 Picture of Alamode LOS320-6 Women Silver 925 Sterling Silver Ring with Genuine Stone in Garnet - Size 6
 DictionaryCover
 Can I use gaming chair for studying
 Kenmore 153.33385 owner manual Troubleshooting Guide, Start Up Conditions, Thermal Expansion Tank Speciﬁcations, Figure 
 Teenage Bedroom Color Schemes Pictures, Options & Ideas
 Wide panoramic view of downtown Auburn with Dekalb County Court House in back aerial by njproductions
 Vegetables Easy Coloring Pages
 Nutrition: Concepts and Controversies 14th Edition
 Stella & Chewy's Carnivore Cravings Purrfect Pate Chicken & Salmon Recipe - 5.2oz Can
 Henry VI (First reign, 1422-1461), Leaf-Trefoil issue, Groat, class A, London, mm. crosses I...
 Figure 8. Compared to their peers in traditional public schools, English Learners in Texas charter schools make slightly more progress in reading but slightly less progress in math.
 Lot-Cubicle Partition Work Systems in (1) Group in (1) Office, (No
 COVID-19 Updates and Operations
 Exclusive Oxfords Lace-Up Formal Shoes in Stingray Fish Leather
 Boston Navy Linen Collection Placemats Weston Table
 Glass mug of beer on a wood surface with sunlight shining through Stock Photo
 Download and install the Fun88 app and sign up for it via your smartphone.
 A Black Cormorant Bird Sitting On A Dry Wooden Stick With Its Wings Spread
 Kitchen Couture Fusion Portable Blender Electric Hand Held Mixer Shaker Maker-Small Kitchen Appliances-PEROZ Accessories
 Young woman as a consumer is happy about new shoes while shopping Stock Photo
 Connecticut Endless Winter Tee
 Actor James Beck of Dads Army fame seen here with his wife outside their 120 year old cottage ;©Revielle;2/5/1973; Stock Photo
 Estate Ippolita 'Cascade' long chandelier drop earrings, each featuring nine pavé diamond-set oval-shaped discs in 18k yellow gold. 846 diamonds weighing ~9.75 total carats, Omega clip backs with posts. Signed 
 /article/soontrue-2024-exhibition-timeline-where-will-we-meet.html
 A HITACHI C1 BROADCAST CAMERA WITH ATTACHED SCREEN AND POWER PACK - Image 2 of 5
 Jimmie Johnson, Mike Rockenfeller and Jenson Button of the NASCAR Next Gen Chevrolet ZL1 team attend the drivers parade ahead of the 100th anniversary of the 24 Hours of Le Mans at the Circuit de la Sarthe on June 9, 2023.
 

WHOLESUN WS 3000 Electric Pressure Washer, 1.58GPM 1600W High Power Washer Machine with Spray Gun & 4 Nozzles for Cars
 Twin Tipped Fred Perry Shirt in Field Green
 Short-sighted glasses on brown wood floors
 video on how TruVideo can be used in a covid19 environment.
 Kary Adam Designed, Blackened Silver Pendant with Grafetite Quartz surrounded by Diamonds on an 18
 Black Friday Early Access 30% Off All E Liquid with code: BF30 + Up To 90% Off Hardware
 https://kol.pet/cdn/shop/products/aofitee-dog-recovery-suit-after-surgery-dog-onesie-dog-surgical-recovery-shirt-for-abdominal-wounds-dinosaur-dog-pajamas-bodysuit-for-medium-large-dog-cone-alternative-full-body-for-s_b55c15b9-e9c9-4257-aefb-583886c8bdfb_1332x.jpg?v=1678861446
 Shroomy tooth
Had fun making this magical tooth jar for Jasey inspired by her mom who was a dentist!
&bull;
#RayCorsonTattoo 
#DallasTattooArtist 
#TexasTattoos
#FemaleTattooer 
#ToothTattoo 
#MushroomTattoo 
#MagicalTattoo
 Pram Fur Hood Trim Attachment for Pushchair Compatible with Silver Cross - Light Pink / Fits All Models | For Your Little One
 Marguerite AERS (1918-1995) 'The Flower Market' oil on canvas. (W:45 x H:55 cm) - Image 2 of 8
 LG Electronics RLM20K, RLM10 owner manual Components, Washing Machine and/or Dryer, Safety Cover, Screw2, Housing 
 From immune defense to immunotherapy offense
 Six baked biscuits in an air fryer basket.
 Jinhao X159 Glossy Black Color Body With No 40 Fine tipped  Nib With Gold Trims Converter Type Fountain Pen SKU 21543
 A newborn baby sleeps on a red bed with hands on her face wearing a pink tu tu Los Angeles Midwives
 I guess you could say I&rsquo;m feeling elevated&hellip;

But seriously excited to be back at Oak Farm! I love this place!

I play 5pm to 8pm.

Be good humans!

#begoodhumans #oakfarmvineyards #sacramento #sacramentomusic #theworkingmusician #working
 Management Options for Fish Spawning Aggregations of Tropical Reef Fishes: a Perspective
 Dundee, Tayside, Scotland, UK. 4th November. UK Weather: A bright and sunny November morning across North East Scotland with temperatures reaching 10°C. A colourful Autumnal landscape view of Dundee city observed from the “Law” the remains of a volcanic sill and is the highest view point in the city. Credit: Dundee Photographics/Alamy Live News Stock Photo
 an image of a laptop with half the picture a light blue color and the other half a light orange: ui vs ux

☆ ☆ ☆

● **Task statement**:
Bring together each line above where the string "Stock" turns up.

● **Exercise output**:
 Glass mug of beer on a wood surface with sunlight shining through Stock Photo
 Young woman as a consumer is happy about new shoes while shopping Stock Photo
 Actor James Beck of Dads Army fame seen here with his wife outside their 120 year old cottage ;©Revielle;2/5/1973; Stock Photo
 Dundee, Tayside, Scotland, UK. 4th November. UK Weather: A bright and sunny November morning across North East Scotland with temperatures reaching 10°C. A colourful Autumnal landscape view of Dundee city observed from the “Law” the remains of a volcanic sill and is the highest view point in the city. Credit: Dundee Photographics/Alamy Live News Stock Photo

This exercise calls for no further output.